Between 1996 and 2000, the Government had privacy on and off the agenda several times. Eventually they introduced a dreadful Bill - not merely the world's worst privacy legislation but a downright anti-privacy statute. For detailed critique and submissions, see Submission to the Commonwealth Attorney-General (January 2000), 'Privacy Bill needs much more work' (February 2000), Submission to the House of Reps. Inquiry (May 2000), and Submission to the Senate Inquiry (September 2000).

The Labor Opposition (never a friend of privacy) let it through with minimal changes.

For the gory history, see the accompanying history document, and 'Beyond the Alligators of 21/12/2001, There's a Public Policy Swamp' (October 2001).

The resulting statute is at Privacy Amendment (Private Sector) Act 2000. It became [in]effective on 21 December 2001.

The consolidated 243 pp. of verbiage is at Privacy Act 1988 - complete but unofficial. That consolidation includes the amendments of December 2000, but is not official. Eventually, the official consolidated version is likely to appear at Privacy Act 1988 - official (but currently inadequate).


This segment picks up where the rendition of recent history left off.

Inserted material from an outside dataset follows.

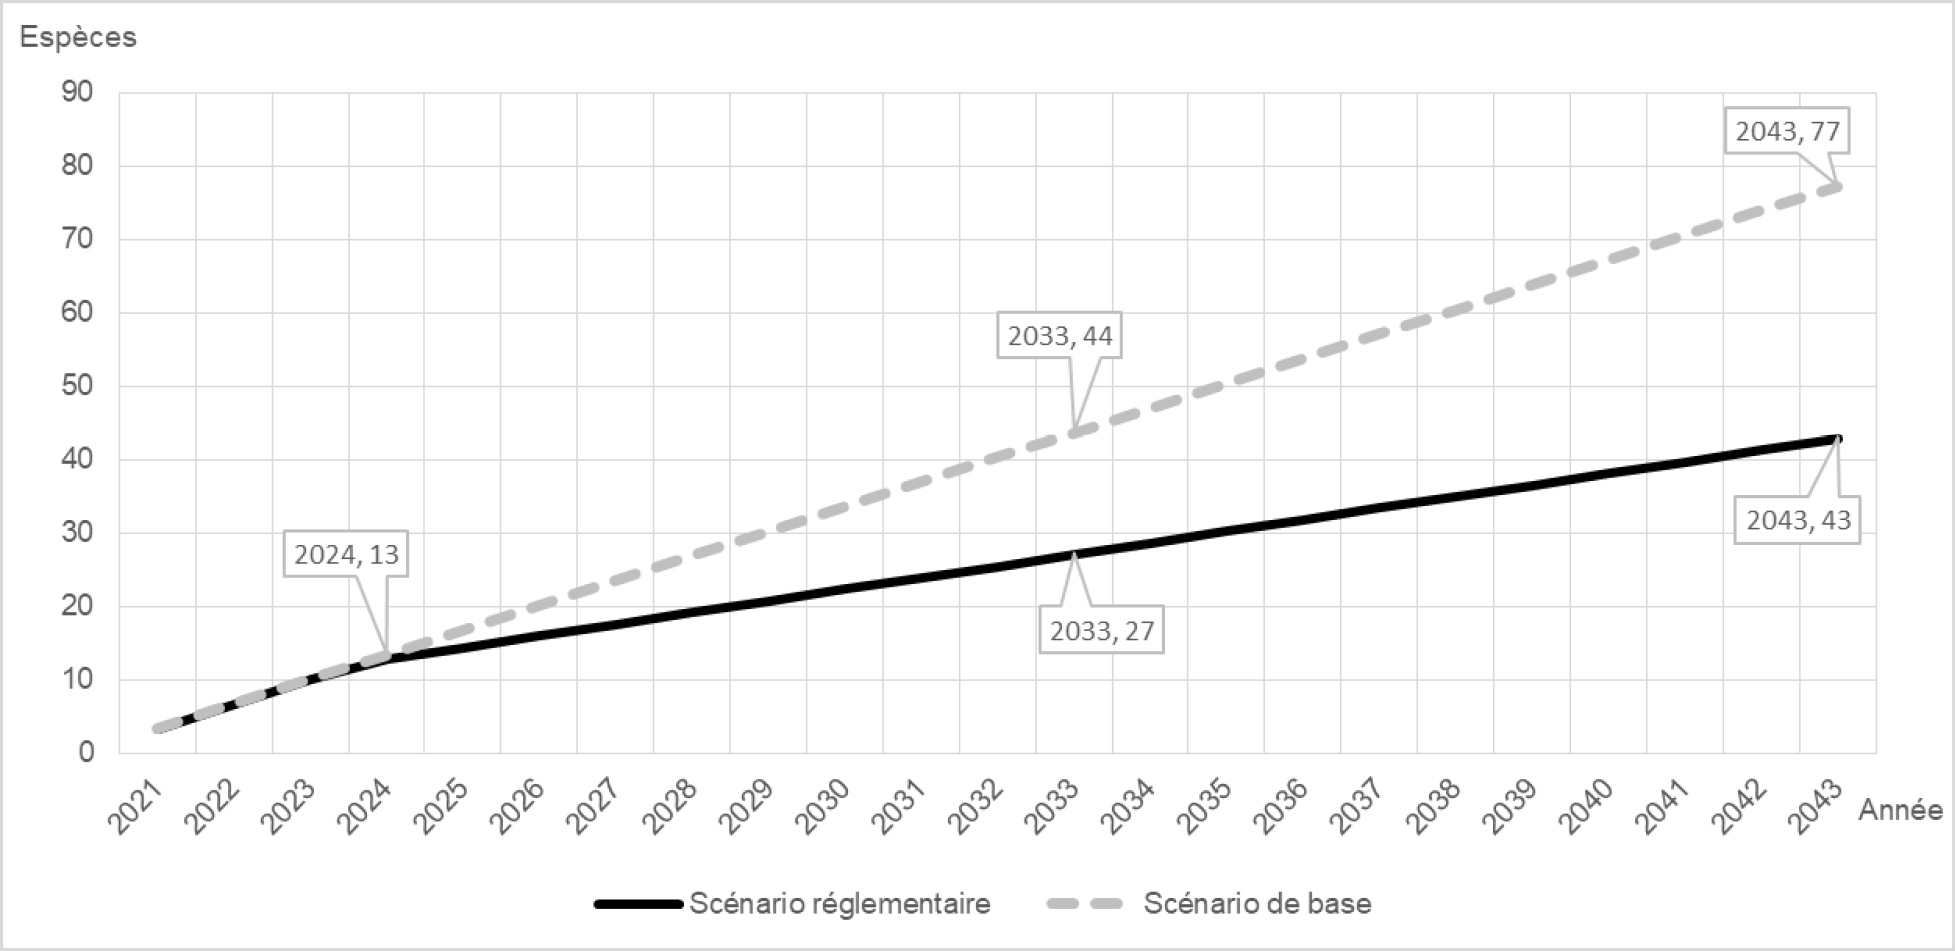 Figure 1 : Nombre d'espèces par année dans le scénario de base et le scénario réglementaire – Version textuelle en dessous du graphique

The Privacy and Personal Information Protection Bill 1998 was introduced in October 1998, briefly debated and negotiated in the upper house, the Legislative Council (where the Attorney-General has his seat), and then in the lower house, the Legislative Assembly, with agreed amendments being passed by the Legislative Council. The Bill was assented to on 1 December 1998, and regulates (some of) the N.S.W. public sector with effect from December 1999. (Its passage occurred in the shadows of Parliament rising for Christmas, with the place in uproar over the Treasurer being banned indefinitely by the - non-Government controlled - upper house, and with an election due in early 1999). Here is the statute.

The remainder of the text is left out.